In cargo and passenger segments, growth is high. And state transport undertakings have not replaced their buses in the past few years where we see a big opportunity.

In 1997-98, the growth in heavy commercial vehicles, or HCVs, was 23 per cent. In the current year, it is 50 per cent and the growth over a two-year period is 16 per cent. The growth in LCV segment last year was minus 17 per cent. In the current year, it is 30 per cent and over the two-year period, it is minus 14 per cent. If we combine the two segments, the growth is four per cent for the commercial vehicle industry as a whole.

LCV segment growth for Eicher over the two-year period has been 26 per cent, which is the highest in the industry. At the international level, the break up of LCV and HCV is: LCV -- 55 per cent to 60 per cent, and HCV -- 40 per cent to 45 per cent. In India, it is HCV 55 per cent and LCV 45 per cent. But, in the long run, India will also catch up with the international trend. The rural market is catching up. Both the goods and the passenger segments will grow in the rural market that is likely to boost up the demand for LCVs.

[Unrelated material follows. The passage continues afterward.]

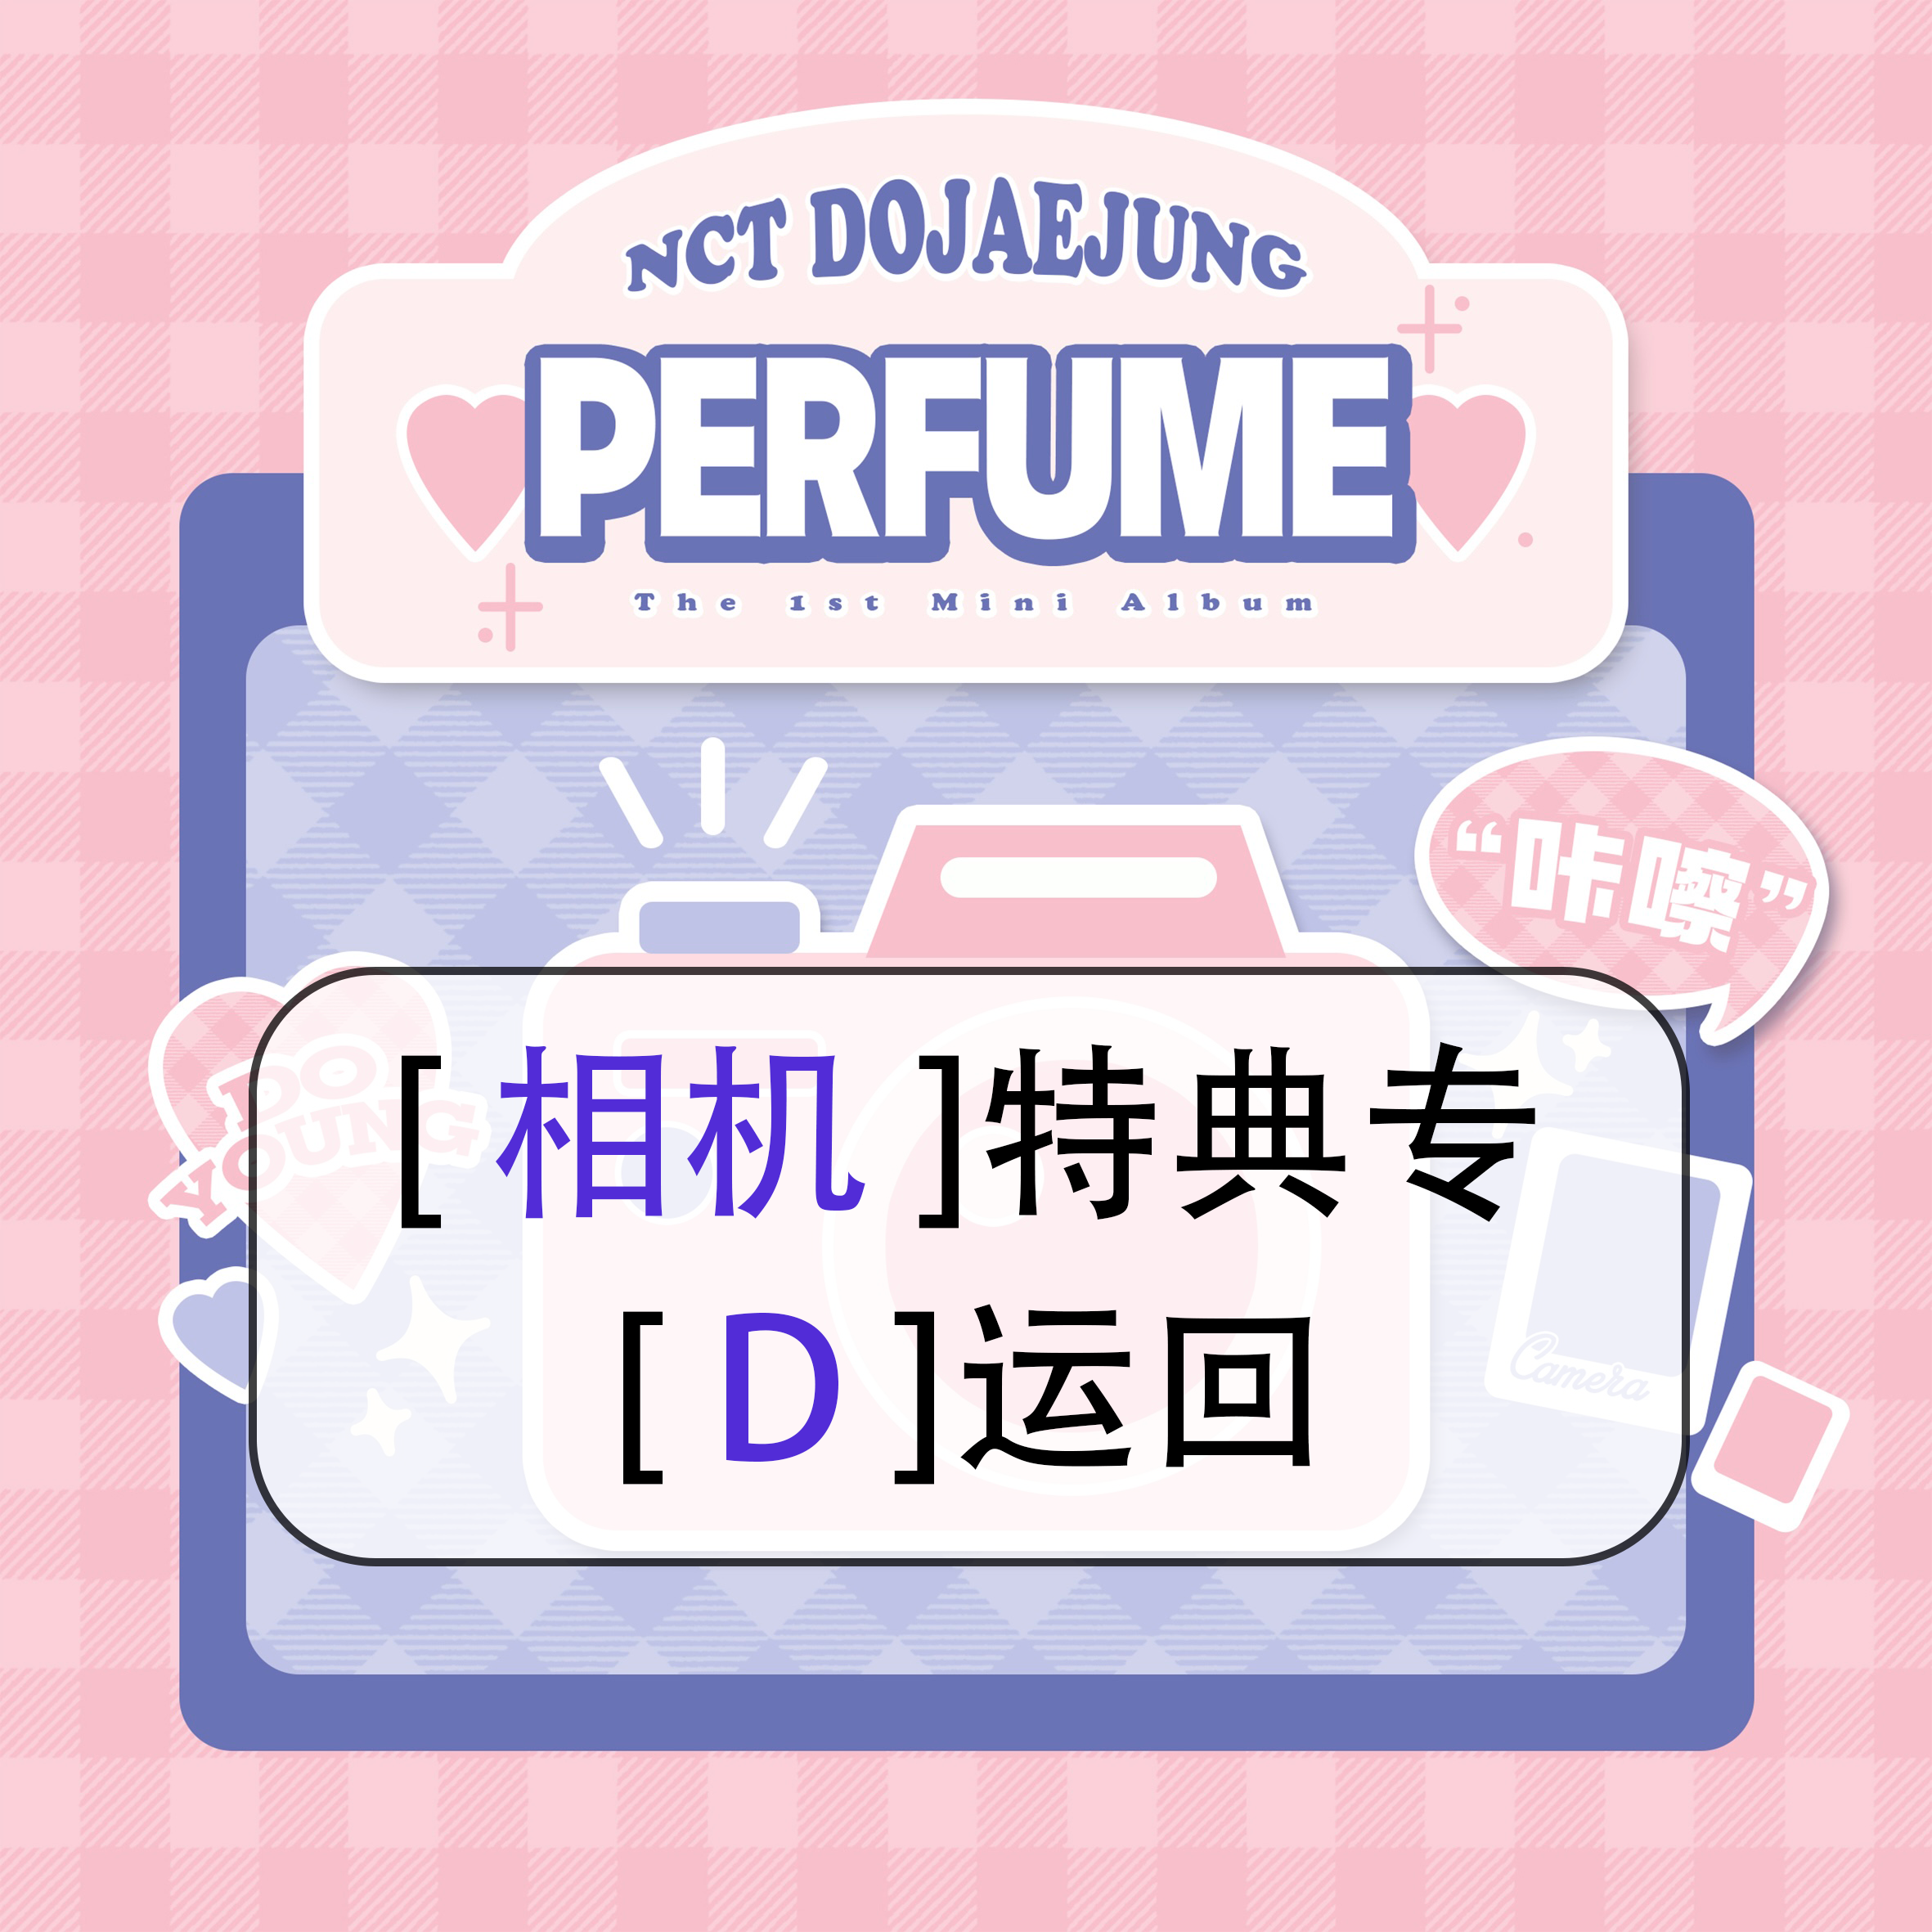 [全款 相机特典 D版] NCT DOJAEJUNG - The 1st Mini Album [Perfume] (Digipack Ver.)_道英吧_DoYoungBar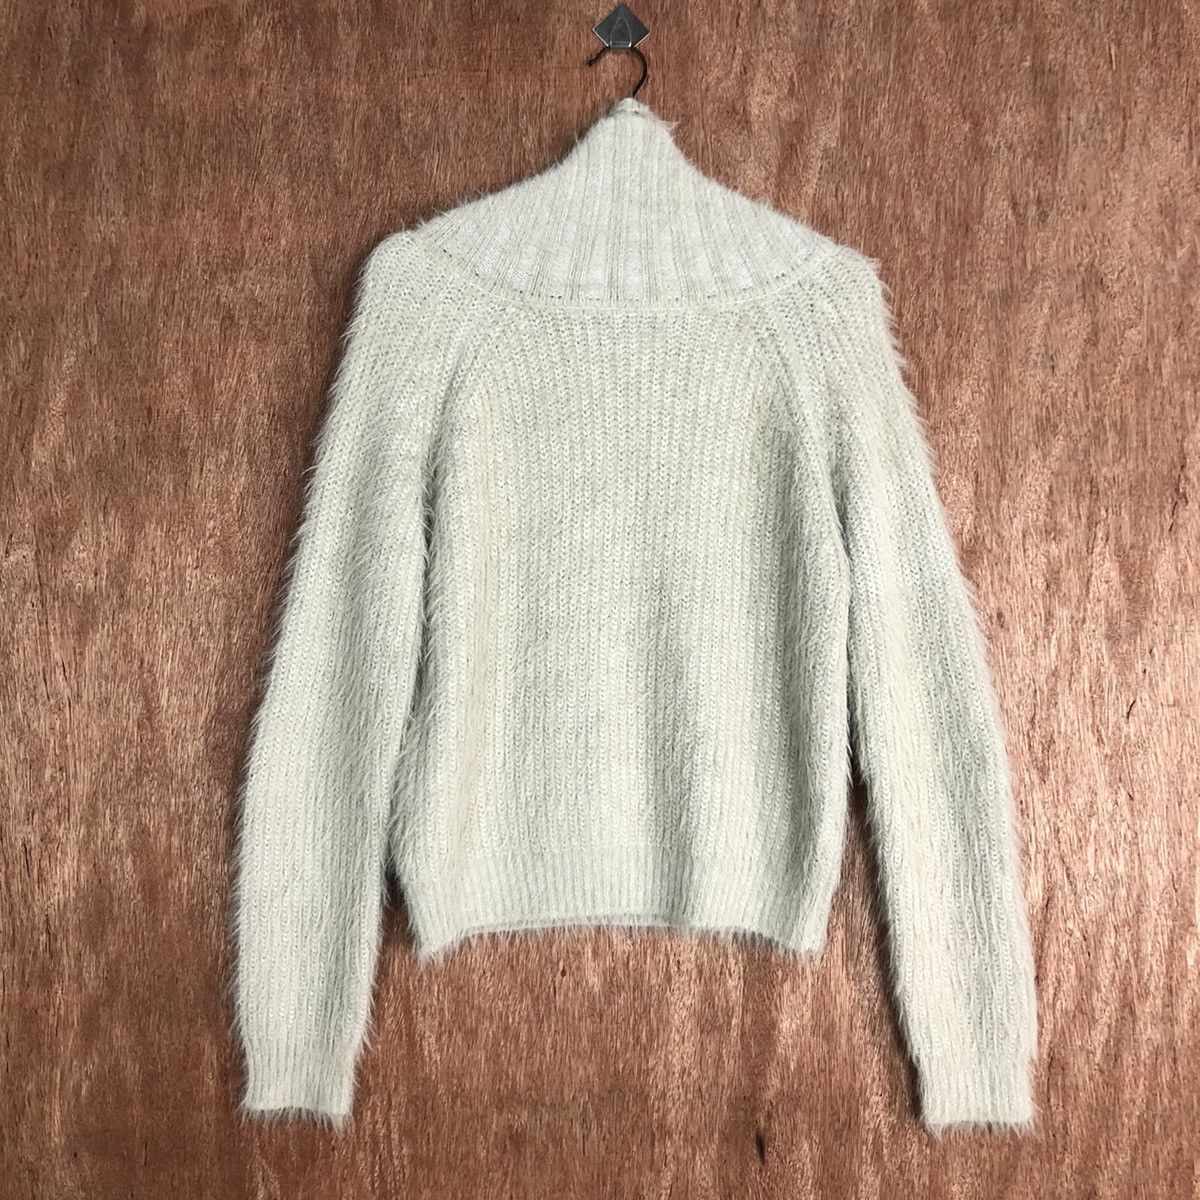 Homespun Knitwear Turtle Neck Mohair Knit Sweater Size US S / EU 44-46 / 1 - 9 Thumbnail

One more trend likely is that the industry will not get segmented into watertight compartments as the customer has more choices.

What kind of competition do you foresee from Volvo or other players in the commercial vehicle scene?

Volvo has entered the high-tonnage segment, which has low volumes, say, about 150-200 vehicles per annum. We do not expect any new entrant in the lower-tonnage segments because lower prices in India act as entry barriers. There are already five players in the segment. Even if there is a small component of import, it makes the product unviable on the price front. There is also a limitation that the LCV segment is very cost-sensitive.

Many family-run business houses seem to be now getting professionals to run their business. Ranbaxy is a case in point. What, according to you, is the reason for this trend?

The reason is simple -- professionals run the place better. With growing competition from multinationals, the family businesses are left with no other option but to turn to professionals. It is a good trend as far as I see and it will streamline India Inc in a positive direction.

What is your expectation from the Eicher Group this year?

Eicher Motors may have a growth of 35 per cent over last year and in terms of sales volumes 6,800 to 7,000 vehicles in the current fiscal year. In the tractor segment, we expect marginal growth. In the gear segment, we are shifting towards supplying to original equipment manufacturers. We expect the exports of gears to grow. Hence, this division should also give us good results.

In the motorcycle segment, there will be growth. The 350cc Bullet, which is a classic bike, serves for a major part the utility segment in the rural market and has a macho image in the urban market. We have also developed 500cc and 625cc bikes for the upmarket segment in the so-called 'Indian Harley Davidson' mould. With production no longer a constraint and a good range in our basket, the motorcycle segment has a potential for growth in the next 2-3 years.